Plantar fasciitis can be a frustrating condition to suffer from when it comes to foot pain.  On some days it’s severe enough to prevent you from going to work, and yet other days you feel like it has completely resolved.  Some will limp for months before seeing a doctor and then not respond to long term treatment consisting of shoe gear changes and orthotics.

Our practice approach has been much different over the past several years, and we are now starting to see this trend become more mainstream as the approach is being studied and used in treating more than just heel pain.  By removing your shoes and strengthening the foot you can help resolve the pain from this “overuse” condition that is basically a tendonitis of the muscles in the foot that originate on the heel.  I blogged about this study published last year  which demonstrates the effects strengthening the foot can have on resolving heel pain.

Barefoot drills and exercises that strengthen the foot, increase ankle flexibility and improve gait patterns are working their way into gym workouts.
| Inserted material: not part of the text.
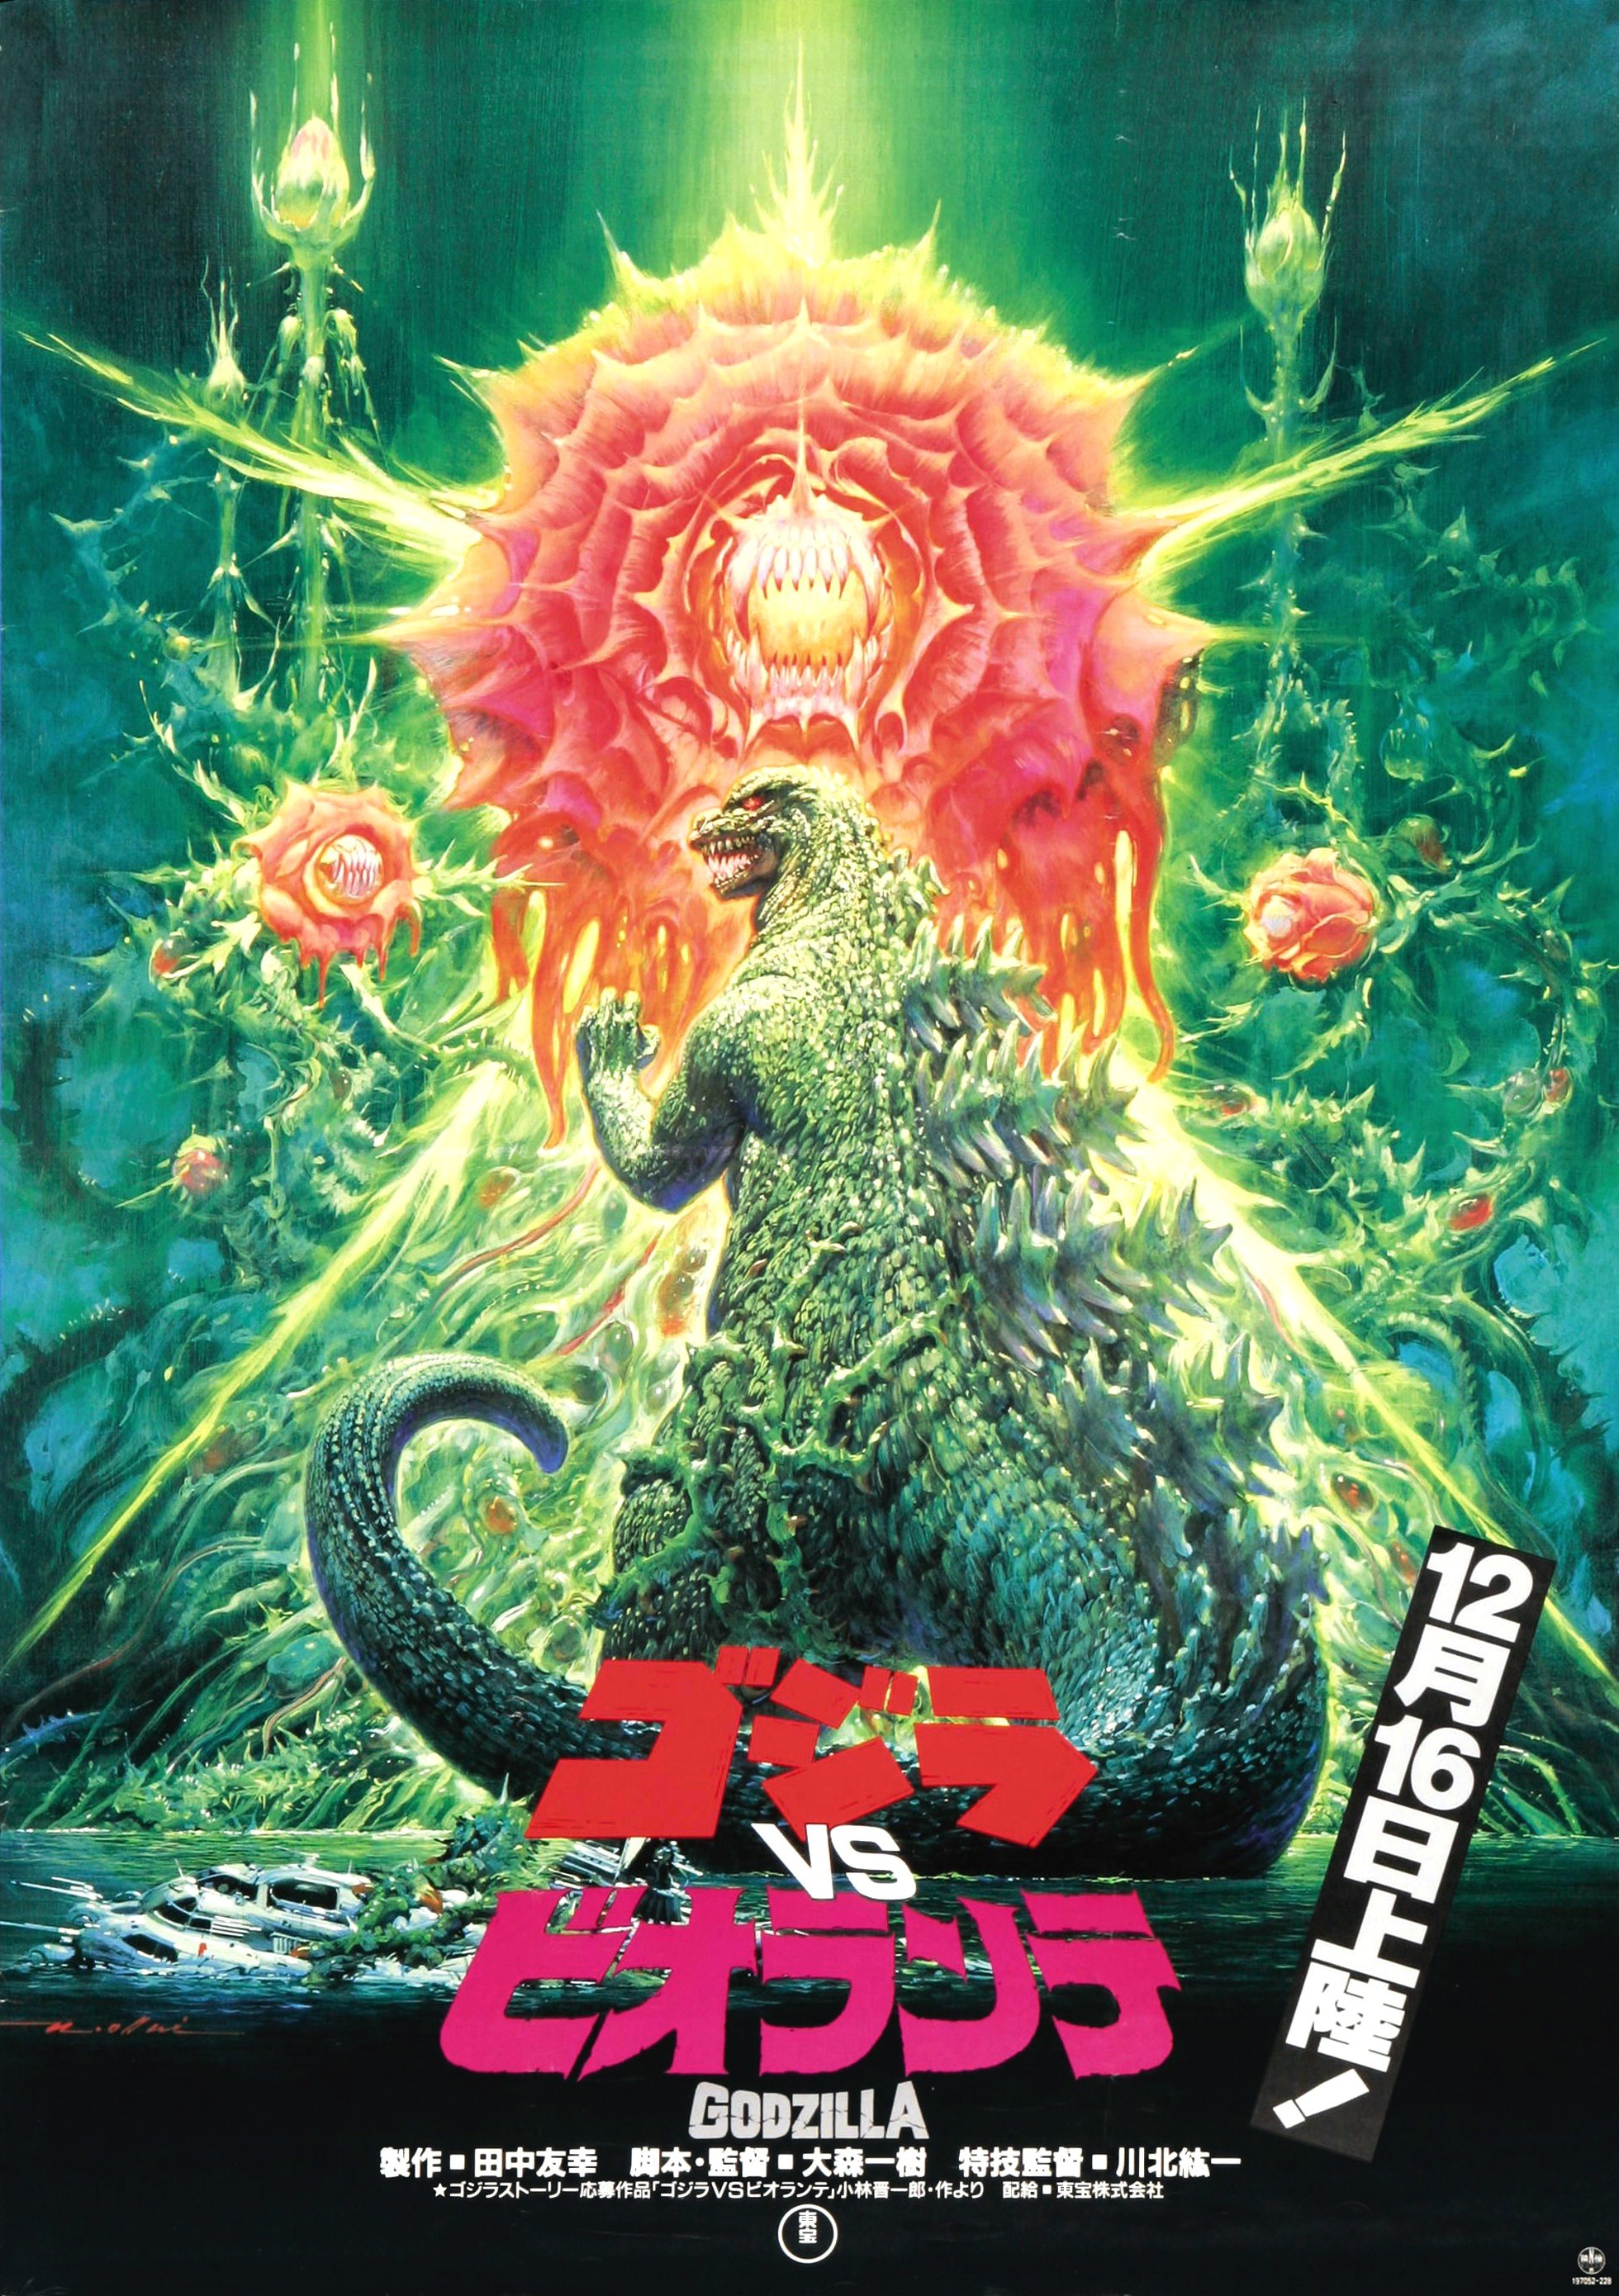 General 1960x2780 Godzilla movie poster vintage movies creature

Olympic runners use them to groove their gait pattern. The elderly use them to prevent falls. All ages use them to rehab nagging knee and hip pain.

Justin Sandherr, 30, a private wealth manager from Atlanta, uses barefoot exercises like spreading the toes wide and lifting and lowering the big toe and pinky independently and simultaneously to eliminate knee pain from a 6-year-old injury. “Regular weights don’t stabilize my knee joint like the barefoot methodology does. There’s a direct correlation: Work the feet, no more knee pain. I won’t play basketball or snowboard unless I’ve been working my feet.”

Retired teacher Susi Erwin, 66, an active skier, runner and two-time cancer survivor from Denver, says she used to fall a lot and once shattered a hip bone. For seven years she has been taking barefoot aerobics classes that start with six minutes of foot and ankle drills.

“It’s not an age thing. I’m fit, but I’m a klutz,” Erwin says. “Now I don’t trip anymore. In fact, I can’t remember the last time I fell.”

Sandherr and Erwin both take classes designed by Stacey Lei Krauss, the founder of the Willpower Method, which has 1,000 certified instructors across the country. The functional-fitness classes often begin with foot strengthening and flexibility exercises, such as toe-tapping or spreading the toes.